The Indian Himalayas represent one of the world’s most disaster-vulnerable zones, prone to multiple and varying types of hazards across locations and seasons. Warming in the region is up to three times the global average, and climate change is exacerbating the threat, with floods and landslides increasing exponentially in the last three decades. Poor infrastructure and endemic poverty leave isolated rural communities particularly vulnerable to the impact of disasters, and the region displays very low resilience, with no reduction in the disaster death toll year upon year. The region’s poor infrastructure also constrains the effectiveness of relief and rehabilitation work.
Disaster Management System (DMS) Himalaya is a package that empowers remote communities to take charge of disaster management at the local level, spanning both pre- and post-disaster stages, and enabling communities to work in seamless collaboration with government.
Existing humanitarian practice in the region sees disaster management as the exclusive domain of government authorities. Yet there is an information gap between remote communities and local authorities concerning disasters. In combination with large distances, challenging terrain and weather conditions, the existing practice results in slow disaster response and inefficient allocation of disaster management resources.
The DMS-Himalaya re-imagines the traditional roles and responsibilities in disaster management. It builds capacity at every point in the disaster management chain, leveraging local resources and networking communities, responders and government for enhanced disaster risk reduction and streamlined response – saving resources, livelihoods and lives.
The journey to scale will confirm the hazard profiles of the Indian Himalayan regions in which the DMS-Himalaya model is yet to be tested. This will enable components of the innovation to be fine-tuned to these hazard profiles at a local level and tested accordingly.

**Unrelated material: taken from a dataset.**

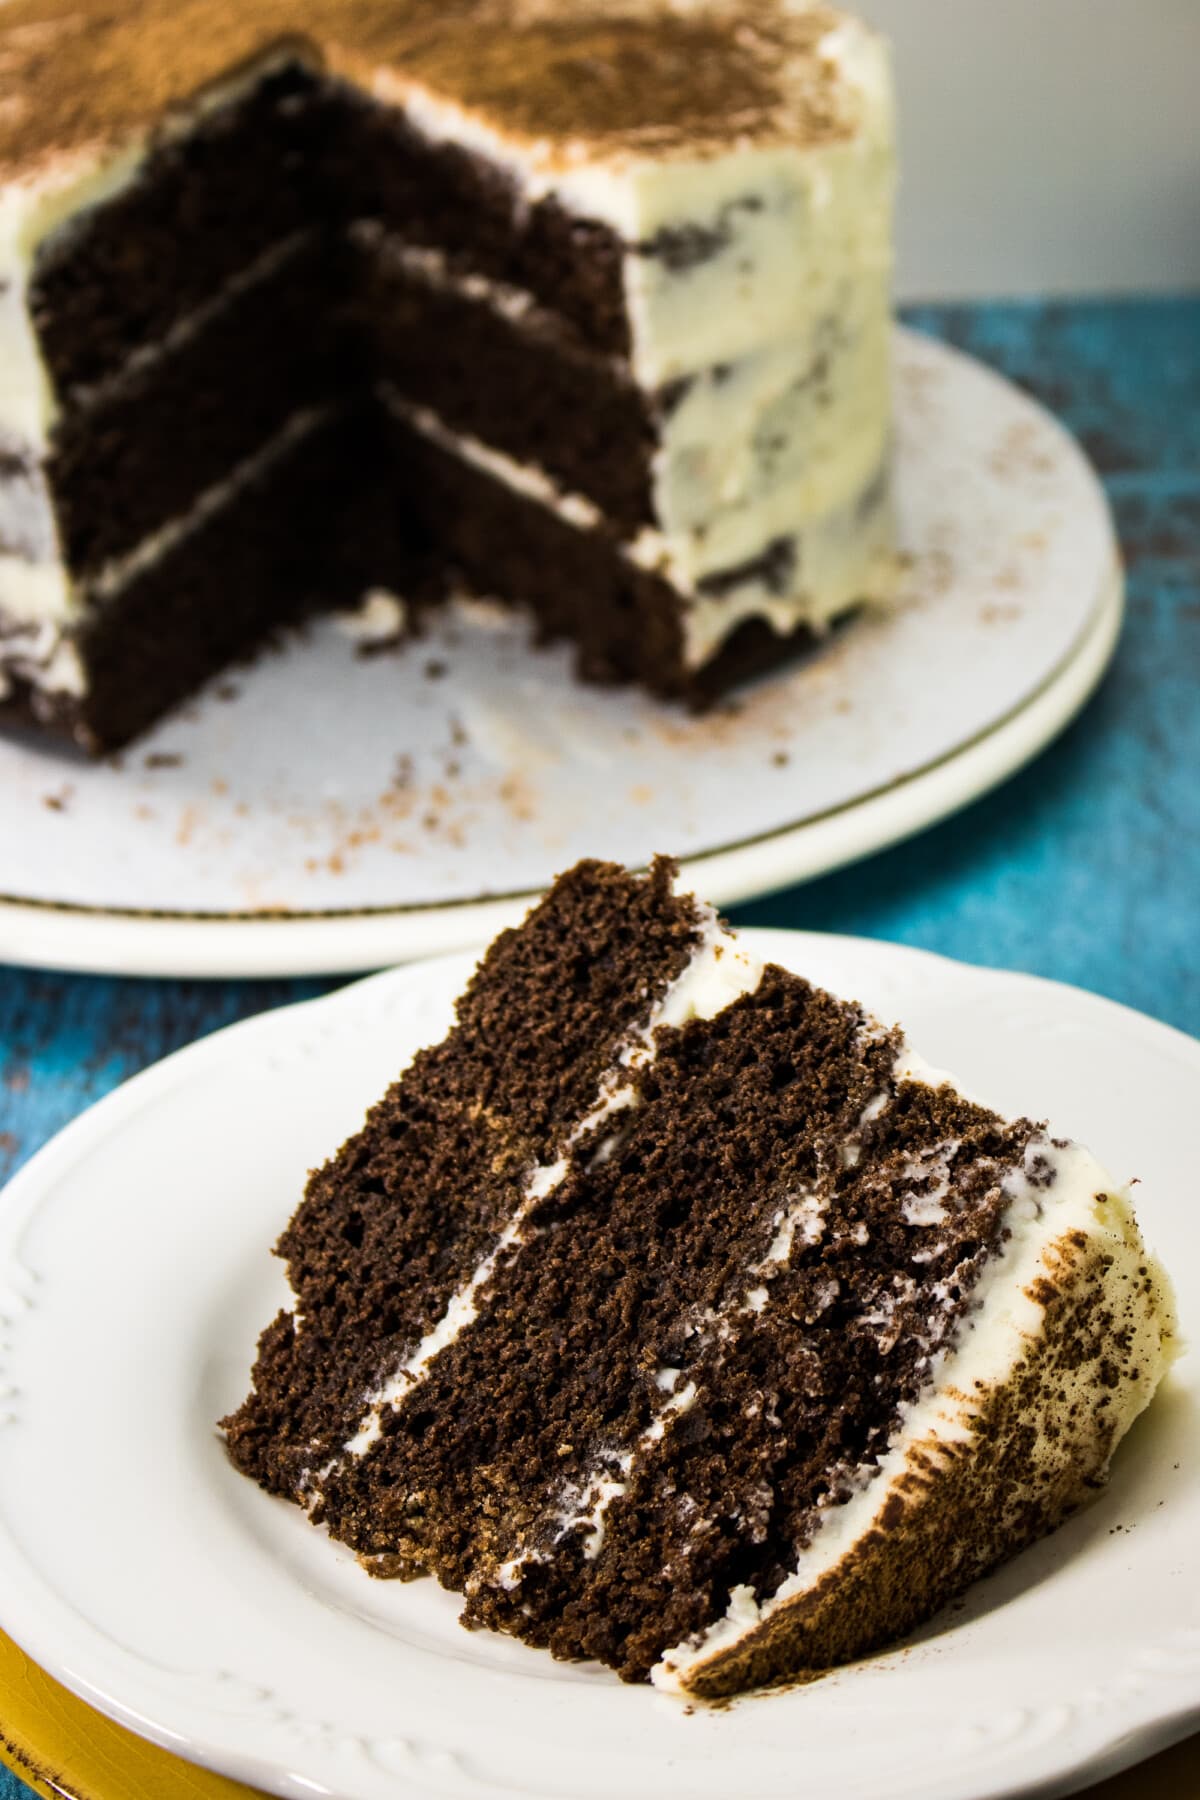 Chocolate Stout Cake with Whiskey Buttercream Frosting

The testing will generate evidence of the effectiveness of DMS-Himalaya across a diverse range of hazards spanning 3 Himalayan Zones, and demonstrate its superiority to other disaster management models, supporting its further adoption.
The scaling will establish 12 communities of practice with streamlined disaster response networks comprising trained local youth Disaster Response Teams, localised weather and geological data monitoring, local and district disaster communications posts, district resource directories, and a locally-customised app.
Pragya will publish a paper on its learnings to share with the wider humanitarian sector, and conduct a national-level seminar in India to promote findings with the disaster management community.